The SVM classifier separates human users from bot accounts by establishing an optimal hyperplane in feature space, achieving 94% accuracy in bot detection.

Results of Support Vector Machine: brown dots = human users, yellow dots = suspected bots, dashed line = separation hyperplane

POI Matching and Coordinate Conversion

We utilized offline maps containing approximately 250,000 Points of Interest (POI) from 2019 and 2022. Due to coordinate system differences between Google Maps (WGS84) and Twitter data (Mars coordinate system), coordinate conversion was necessary. Using k-d tree methodology, we matched each Twitter GPS data point to the nearest POI, eliminating matches with distances exceeding 50 meters to ensure accuracy.

Topic Modeling with LDA

We employed Latent Dirichlet Allocation (LDA), a generative probabilistic model widely used for unsupervised text classification, to extract travel semantics from Twitter content. The model assumes a set of words, a set of texts (documents), and a set of hidden topics. Each topic is determined by a conditional probability distribution over words, following a multinomial distribution with Dirichlet priors.

Vocabulary Generation

We generated activity vocabularies by encoding tweets with spatial-temporal information.
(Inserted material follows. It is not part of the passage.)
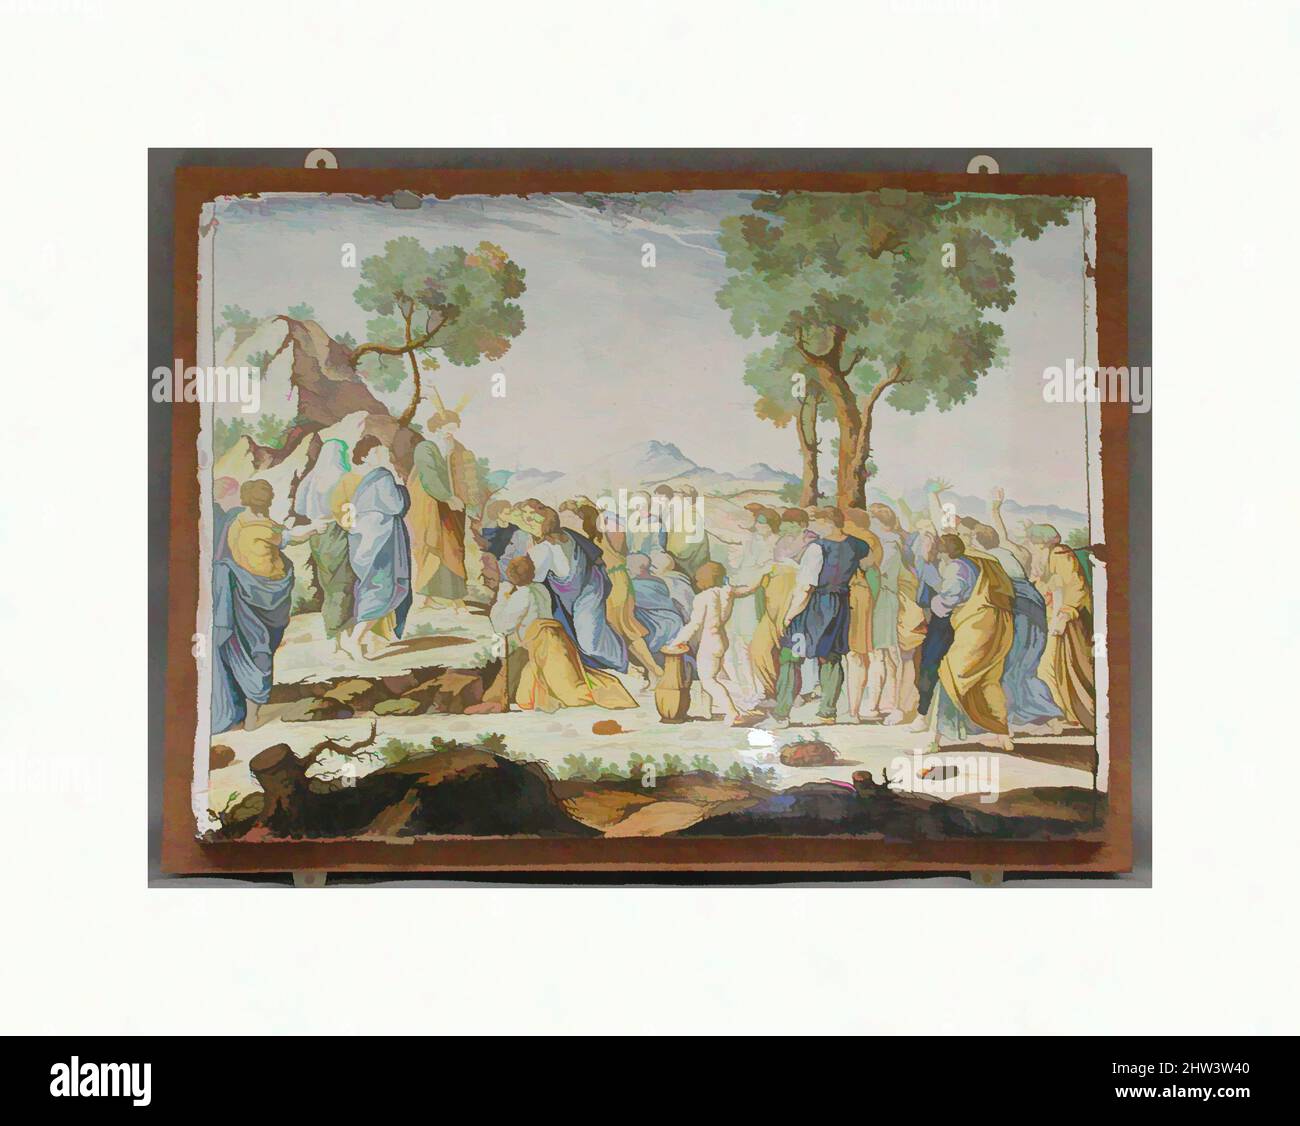 Kunst inspiriert von Moses und den Gesetzestafeln, Bartolomeo Terchi (1691–nach 1753) zugeschrieben, ca. 1720, Italienisch, San Quirico, Maiolica (verzinntes Steingut), insgesamt (bestätigt): 1 × 24 1/2 × 17 1/2 Zoll (2,5 × 62,2 × 44,5 cm), Keramik-Keramik, Bartolomeo Terchi zugeschrieben, Klassische Werke, die von Artotop mit einem Schuss Moderne modernisiert wurden. Formen, Farbe und Wert, auffällige visuelle Wirkung auf Kunst. Emotionen durch Freiheit von Kunstwerken auf zeitgemäße Weise. Eine zeitlose Botschaft, die eine wild kreative neue Richtung verfolgt. Künstler, die sich dem digitalen Medium zuwenden und die Artotop NFT erschaffen Stockfoto

Each vocabulary item follows the format: A[POI_type]B[time_of_day]Y[day_of_week] (e.g., A01B09Y1 = restaurant visit at 9 AM on Monday).
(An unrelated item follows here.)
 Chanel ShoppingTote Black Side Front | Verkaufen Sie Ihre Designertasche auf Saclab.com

Determining Optimal Topic Number

We applied perplexity analysis to identify the optimal number of topics. Perplexity measures language model quality by calculating sentence probability. Lower perplexity indicates better model fit. Analysis revealed the optimal number of topics to be K=6.
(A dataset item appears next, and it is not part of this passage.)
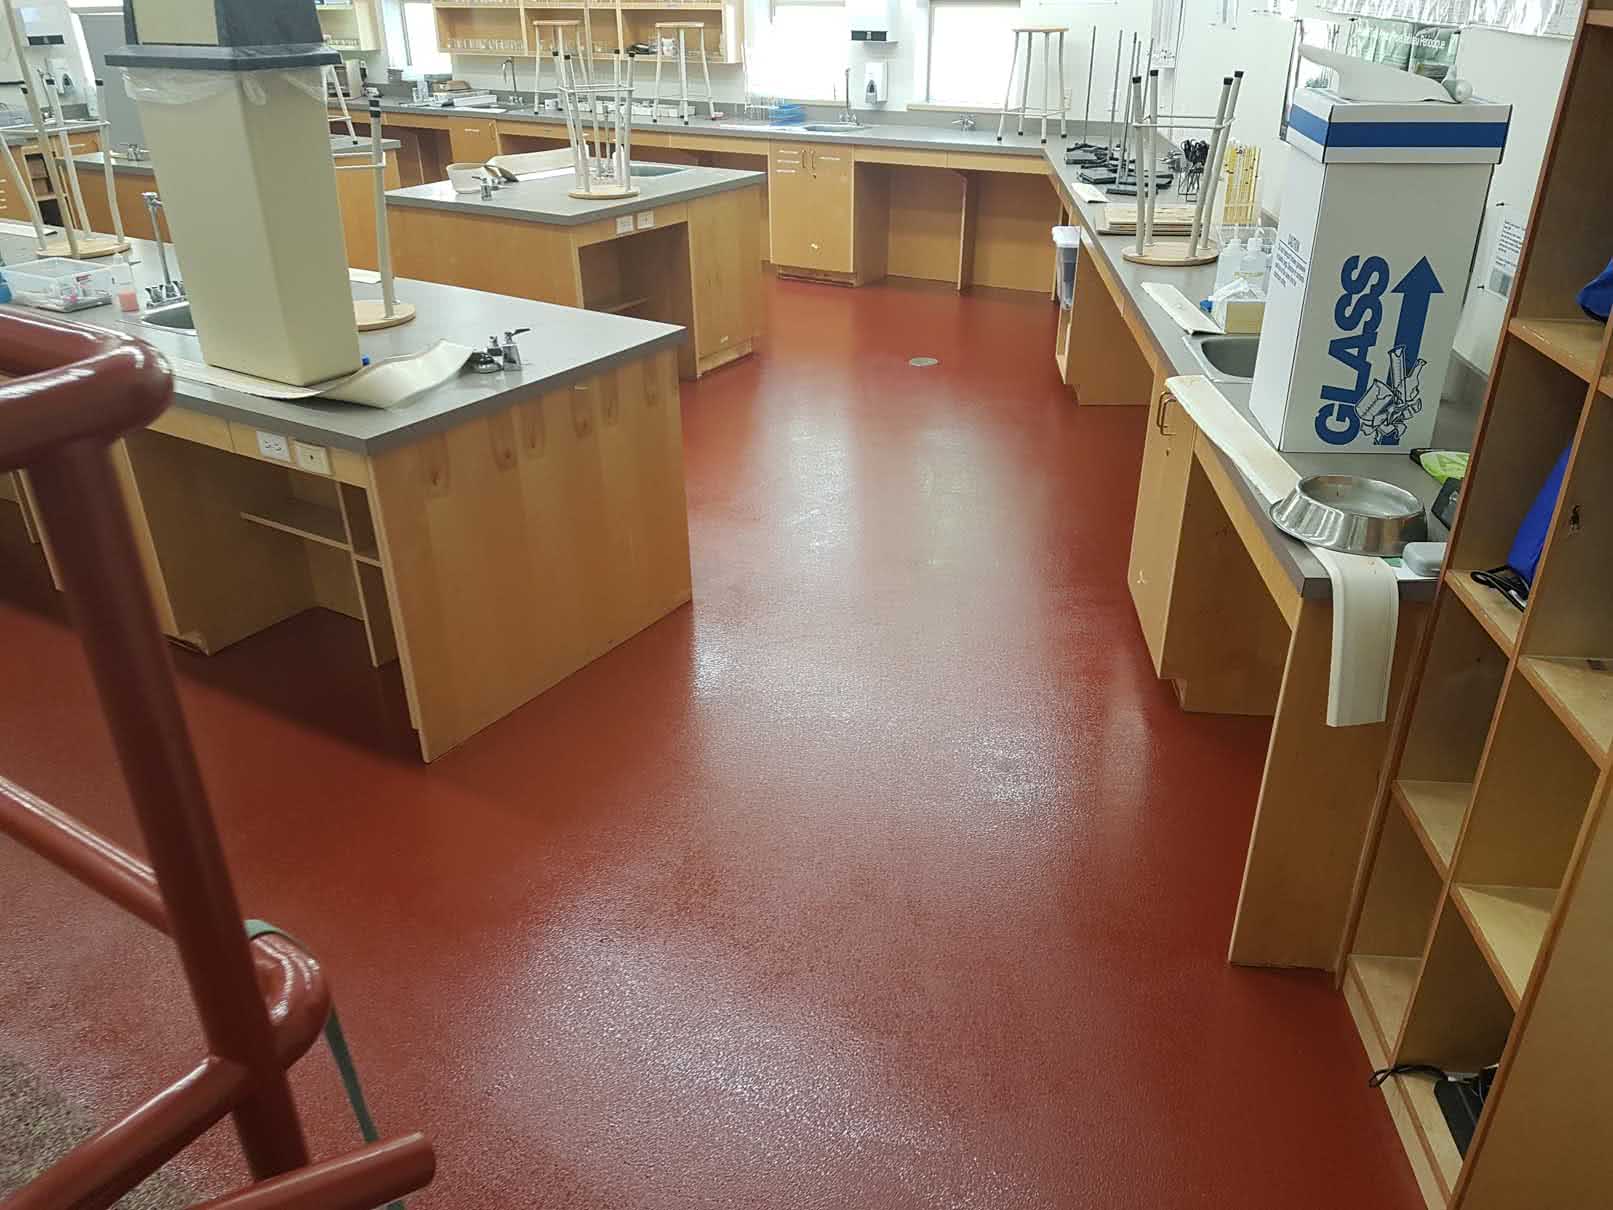 Coloured epoxy floor coating at Shawnigan Lake Elementary

Perplexity under different topic numbers showing optimal K=6

Results

Six Key Travel Patterns Identified

Using variational EM algorithm to solve the LDA model with K=6, we identified six distinct travel topics:

Pattern	Keywords	Activity Type
Topic 1	Office locations, weekday mornings/afternoons	Working
Topic 2	Restaurants, shopping centers, weekend evenings	Shopping and Catering
Topic 3	Residential areas, late evenings, weekends	Home and Accommodation
Topic 4	Tourist attractions, leisure venues, weekends	Tourism and Leisure
Topic 5	Hospitals, clinics, weekday mornings	Medical Treatment
Topic 6	Service facilities, various times	Life Services

Figure 11: Results of LDA model showing topic distribution before and during COVID-19

Major Findings

Entertainment and Work Travel Decline: Both entertainment consumption travel (tourism, shopping) and work-related travel (commuting) decreased significantly post-COVID. Entertainment travel experienced a more pronounced decline, likely due to its non-mandatory nature.
Healthcare Travel Surge: Travel related to medical treatment increased significantly after COVID-19, reflecting heightened health consciousness and potentially deferred medical care during lockdowns.
Spatial Variations: Analysis across five Hong Kong districts (Outlying Islands, Northern District, Central and Western District, Kowloon Urban Areas, and Yau Tsim Mong) revealed:
- Central and Western District showed the highest growth rate in healthcare travel, attributable to advanced medical facilities
- Kowloon City exhibited the minimum decrease in work commuting, possibly due to significant adoption of work-from-home strategies

Figure 12: Results of traveling pattern changes in different zones

Conclusions

This research designed a comprehensive framework for mining travel patterns from Twitter data using SVM (94% accuracy in bot elimination) and LDA topic modeling, revealing nuanced changes in travel structure beyond geographical shifts. By integrating spatial-temporal analysis, we uncovered district-level variations in travel pattern changes across Hong Kong. The findings provide critical support for transportation resource allocation, policy formulation, and urban planning in the post-pandemic era. This framework demonstrates how social media data can efficiently supplement traditional transportation surveys, offering real-time insights at significantly lower costs while maintaining analytical rigor.